Protein is an important nutrient that should be consumed in higher amounts by most individuals, particularly exercising individuals. Additional considerations of protein as they relate to timing and meal patterns continue to garner a great deal of attention. Although more research is needed, current findings indicate that protein consumption surrounding a workout has the potential to impact adaptations to exercise training, particularly when total protein intake does not meet bodily demands. Other work suggests that consuming a regular distribution of protein across the day may promote favorable changes in MPS and markers of health. As an approach to lose weight, diets that are restricted in calories and higher in protein consistently indicate favorable, and in many cases, greater improvements in weight loss and fat loss as well as maintenance of LBM. Similarly, elevated protein and amino acid intake in conjunction with resistance exercise is the most effective stimulus to instigate favorable improvements in FFM and strength.

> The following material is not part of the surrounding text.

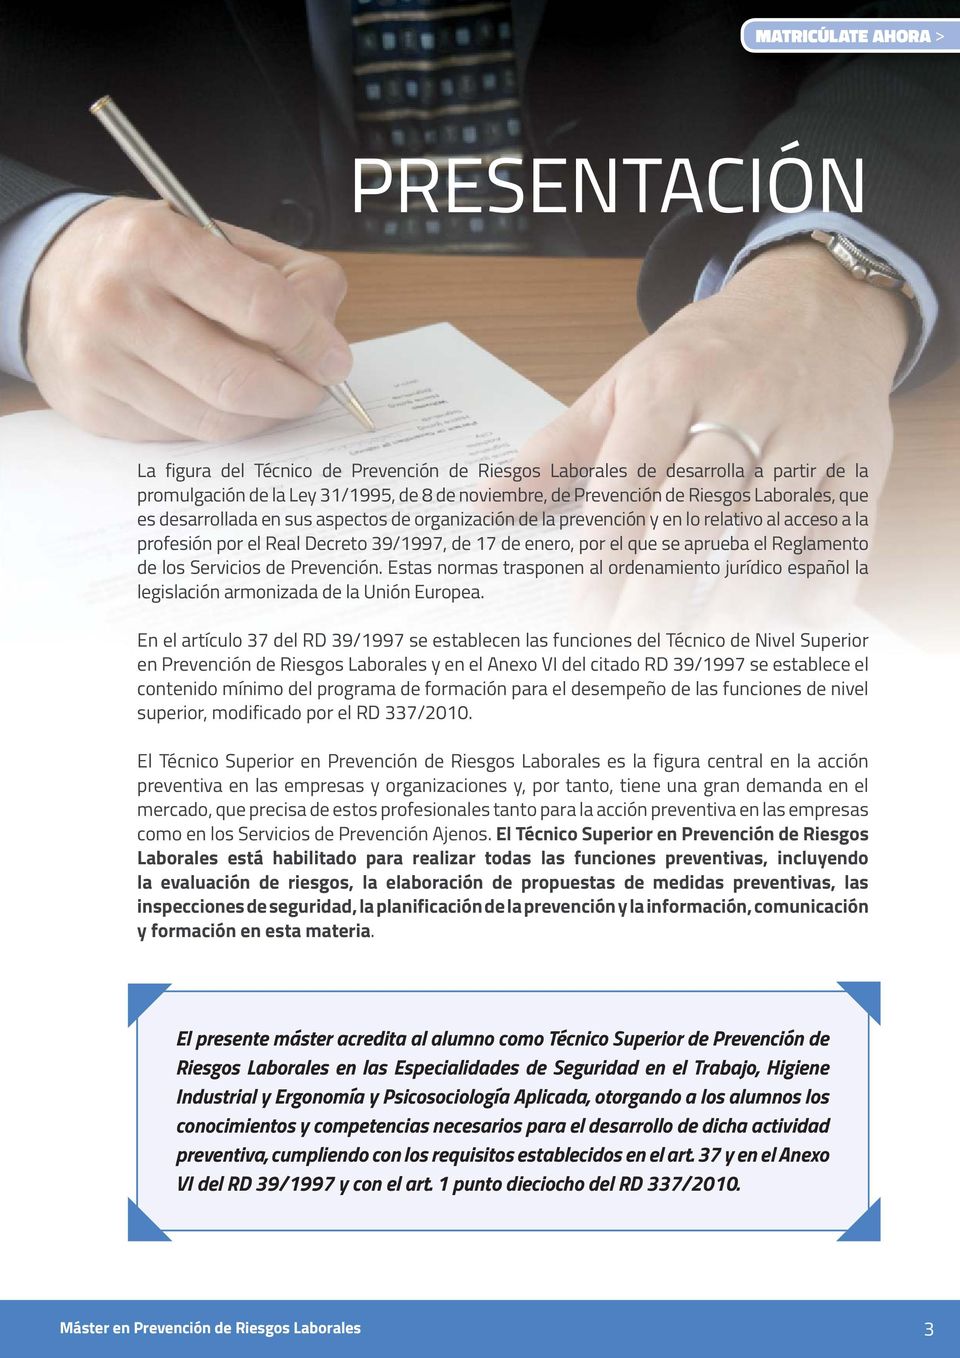 Reglamento de los Servicios de Prevención. Estas normas trasponen al ordenamiento jurídico español la legislación armonizada de la Unión Europea.
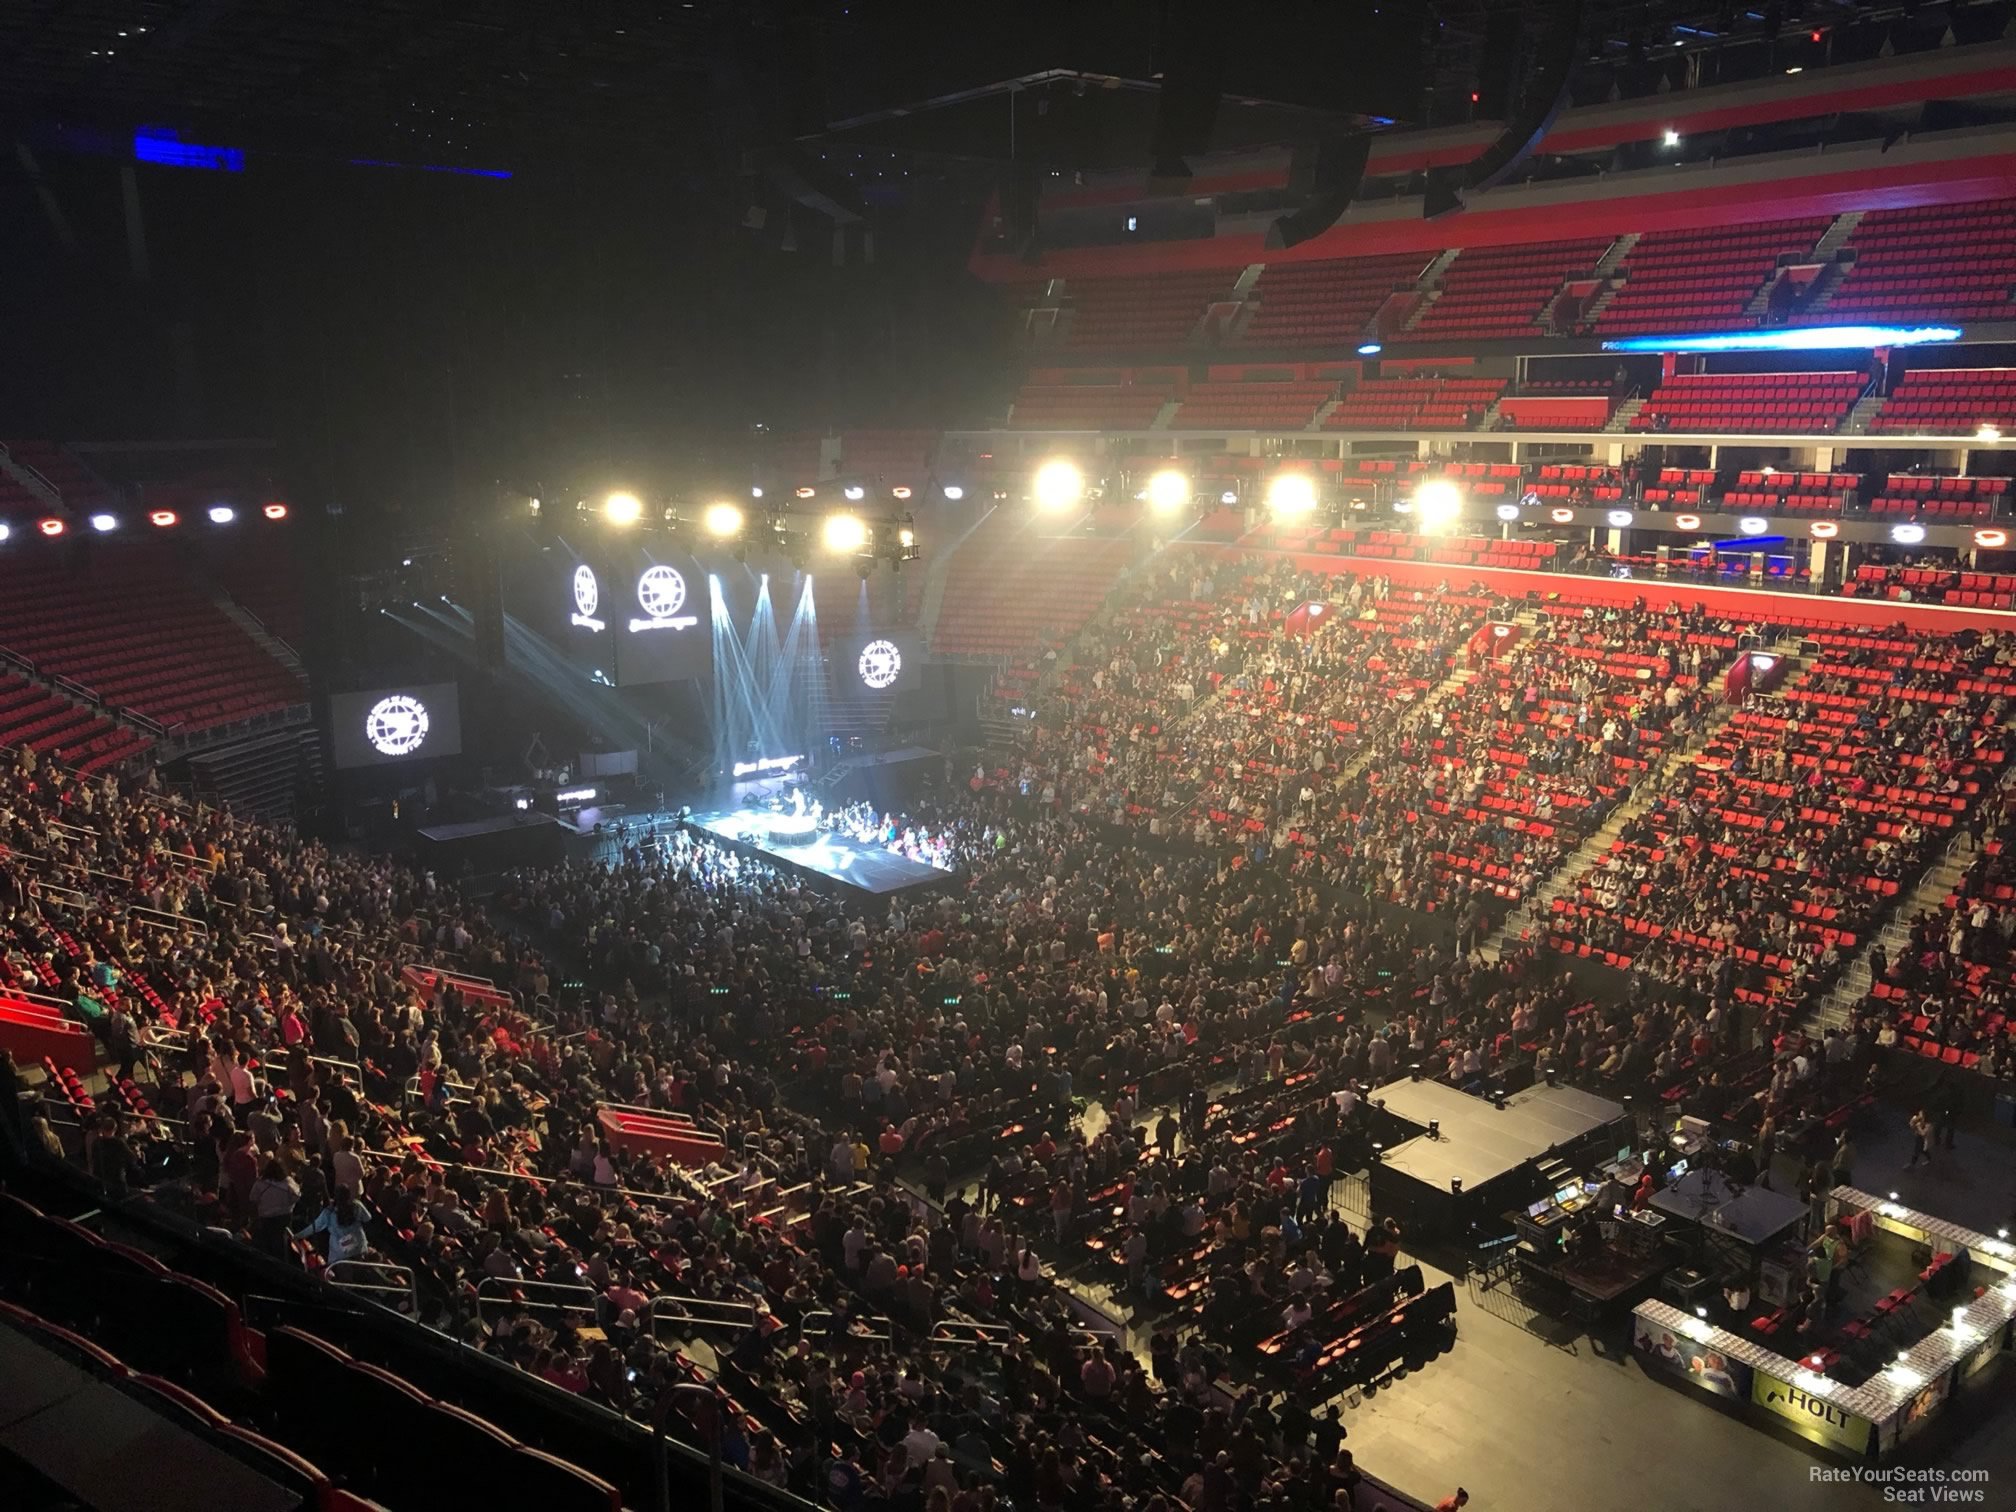 Little Caesars Arena Mezzanine 23 Concert Seating - RateYourSeats.com

In conclusion, the following take-home points are provided:

  • From a timing of nutrients perspective, research involving both protein and carbohydrate indicate that total absolute intake is an important consideration. In both instances, any beneficial impact of protein timing seems to be diminished (or eliminated altogether) when absolute intake of protein (1.2–1.6 g·kg−1·d−1) achieves levels commensurate with activity levels.
  • In a similar fashion, coingestion of carbohydrate with protein has potential to favorably impact rates of muscle glycogen recovery, but this effect is most predominant when absolute daily intake of carbohydrates are not of a level that is commensurate with activity levels (7–10 g·kg−1·d−1).
  • Available research does indicate that postexercise ingestion of protein may exert favorable outcomes, such as improvements in strength and FFM. When this research is performed in untrained or individuals with only minimal exposure to exercise training, the impact of timing is likely greater, an outcome that is more likely to do with the training status and known changes in protein metabolism.
  • Consuming multiple (≥3) doses of protein in intermediate sizes doses (20–25 g) throughout the day may favorably impact changes in MPS and overall changes in body mass, fat mass, and FFM.
  • In combination with a heavy resistance training program (4–5 d/wk, multijoint exercises, 3–4 sets of 6–10RM loads [70–85% 1RM], and 2-minute rest between sets), elevated intakes of dietary protein (1.2–1.6 g·kg−1·d−1) have been clearly shown in the literature to promote greater accretion of strength and FFM.
  • Modest caloric restriction (women: 1,400–1,600 calories and men: 1,800–2,000 calories) in combination with a consistent exercise program that combines aerobic and resistance exercise (4–5 d/wk, 170–200 min/wk) is an effective long-term approach to losing body mass with a majority of this coming from fat mass.
  • Modest replacement of carbohydrate with protein (carbohydrate: protein ratio of >3.5, or protein content of 30–40% of total calories) has been shown to further promote fat loss, minimize loss of FFM, and also promote improvements in glucose, insulin, triglyceride, and cholesterol levels.